Activity -> Beginning with the line that contains "kitchen Stock Photo", copy each subsequent line of the data below through the last one, including both ends but not the pictures.

Data segment ->
# # #
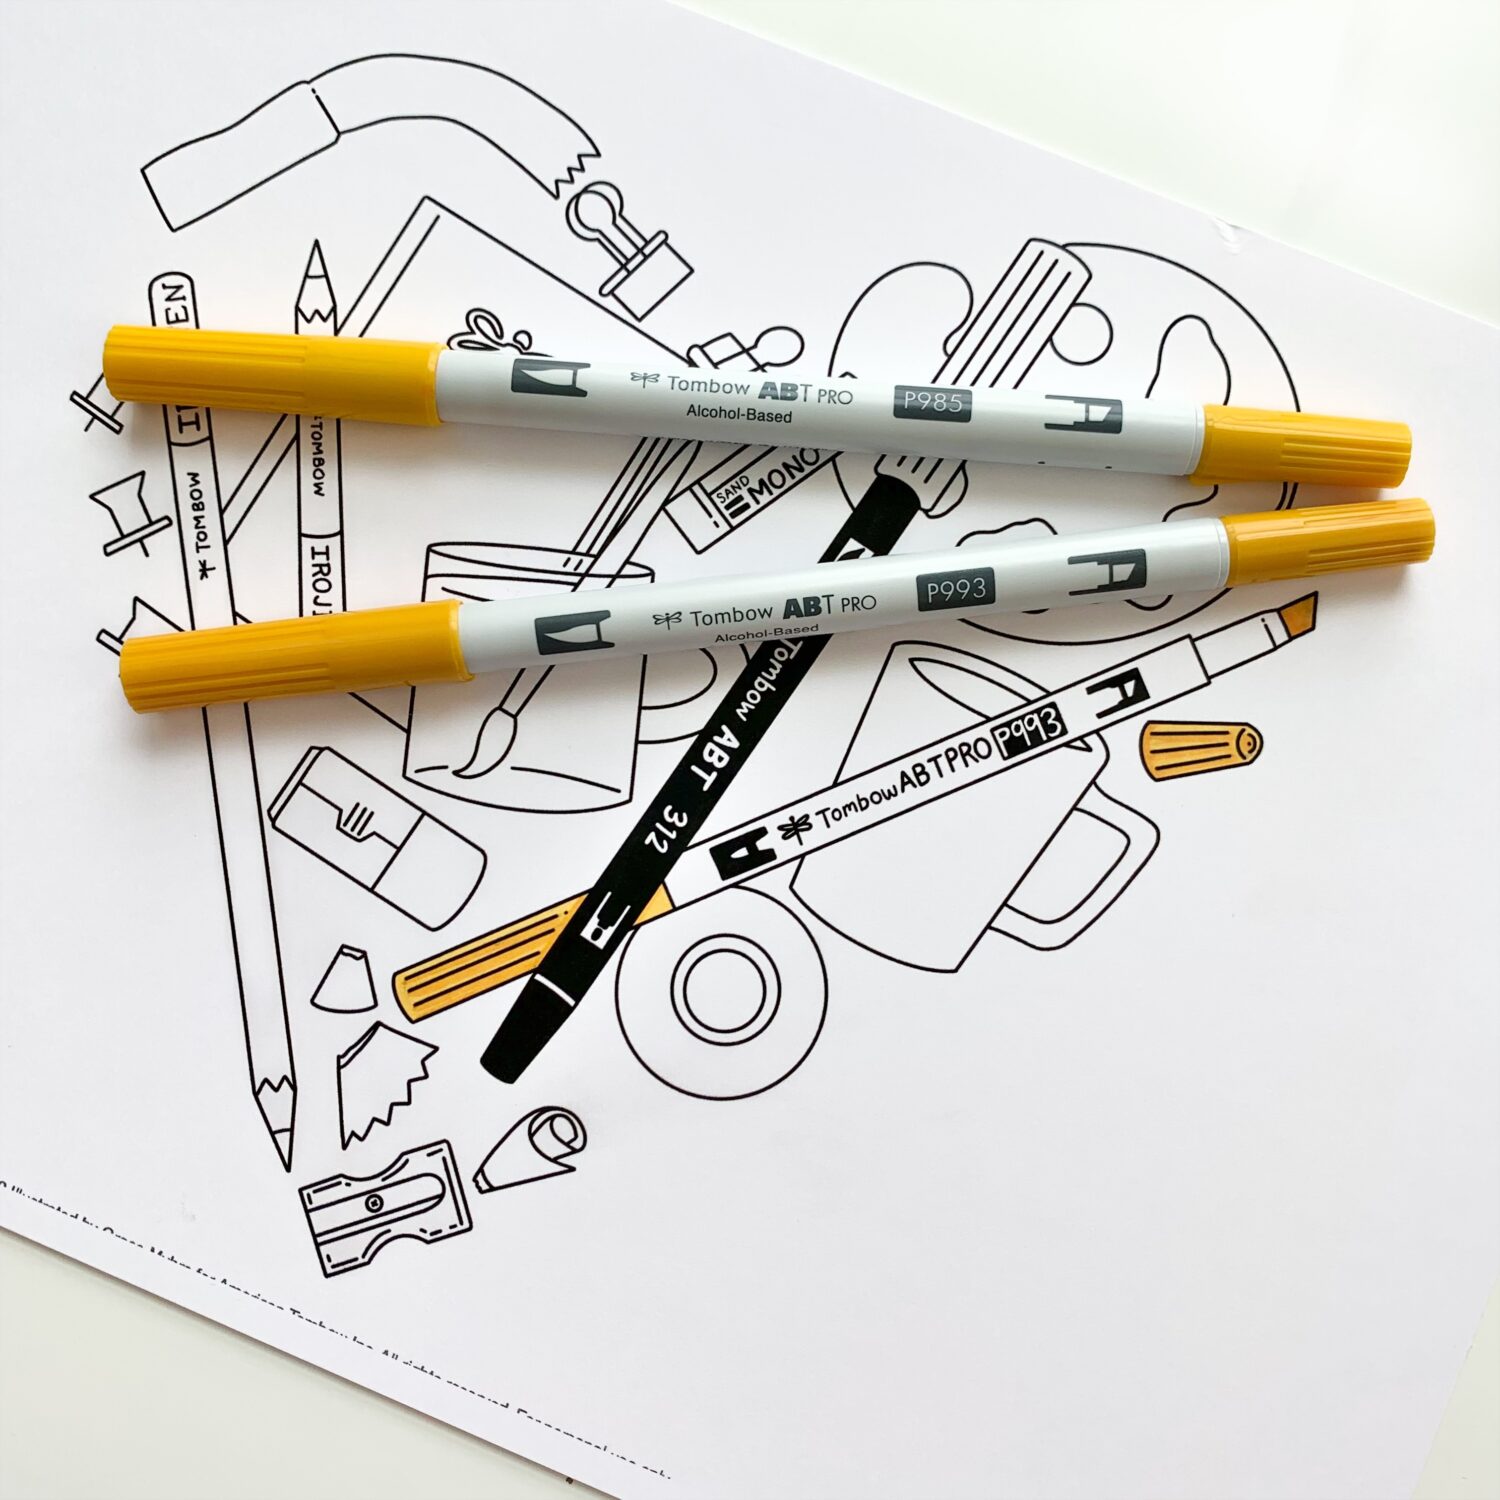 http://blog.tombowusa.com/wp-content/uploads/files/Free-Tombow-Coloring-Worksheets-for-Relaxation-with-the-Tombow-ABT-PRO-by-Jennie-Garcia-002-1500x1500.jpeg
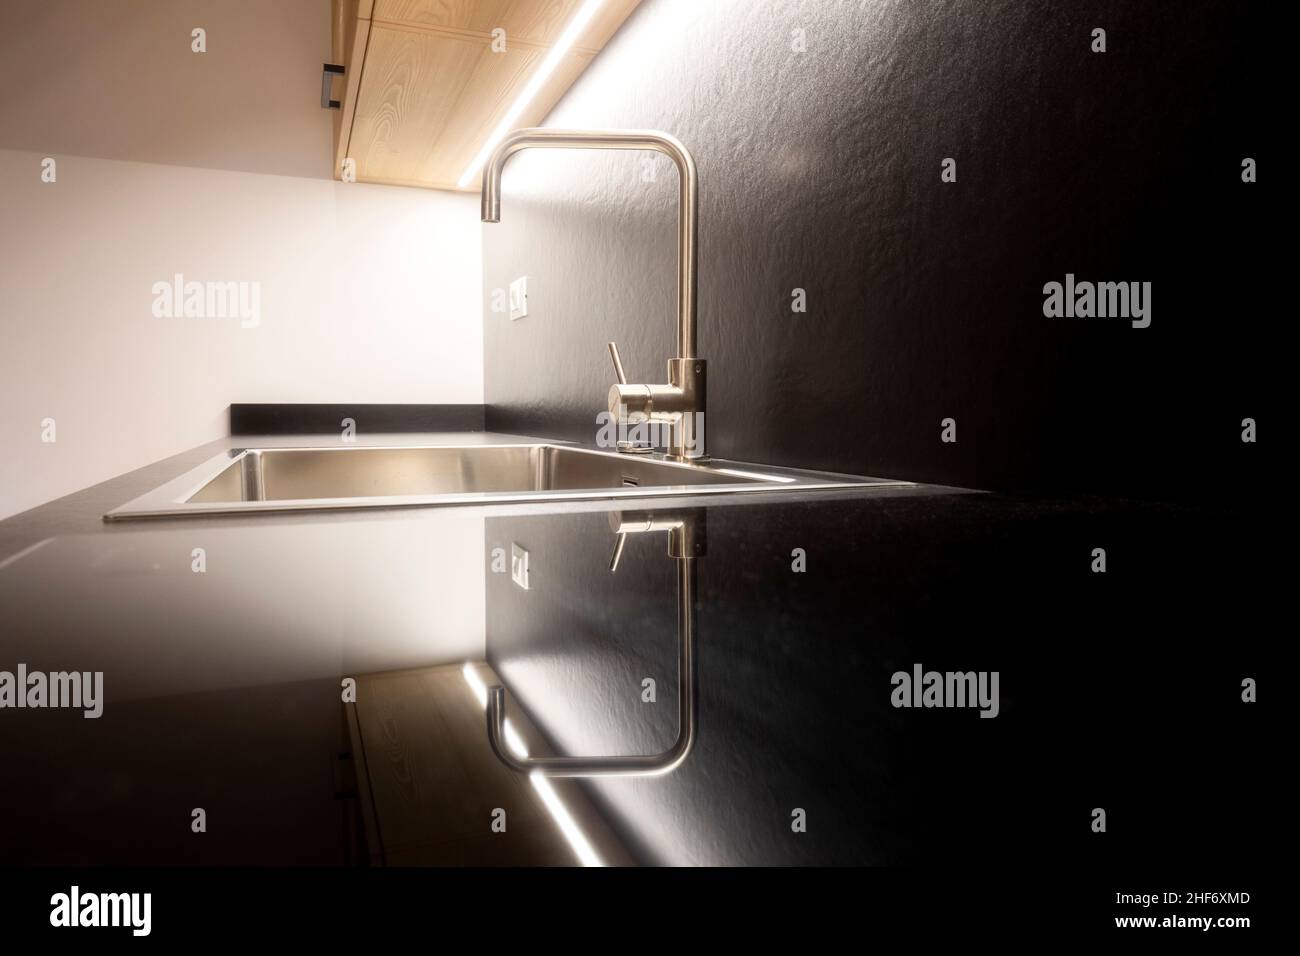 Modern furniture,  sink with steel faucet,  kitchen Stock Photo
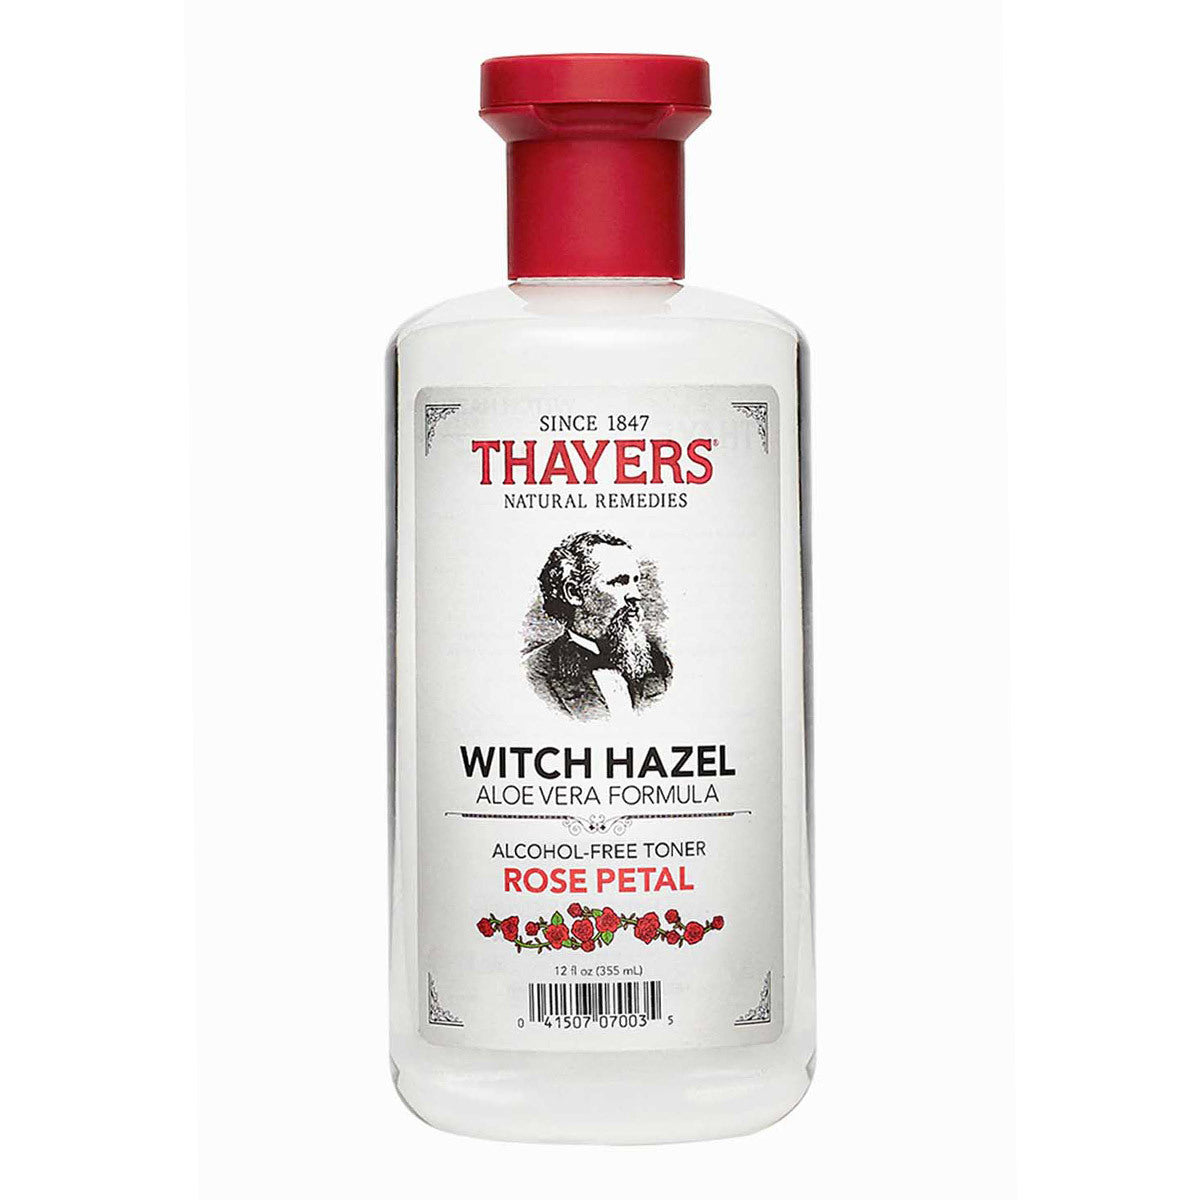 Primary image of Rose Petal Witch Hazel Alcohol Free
# # #
Task solution ->
 Modern furniture,  sink with steel faucet,  kitchen Stock Photo
 Primary image of Rose Petal Witch Hazel Alcohol Free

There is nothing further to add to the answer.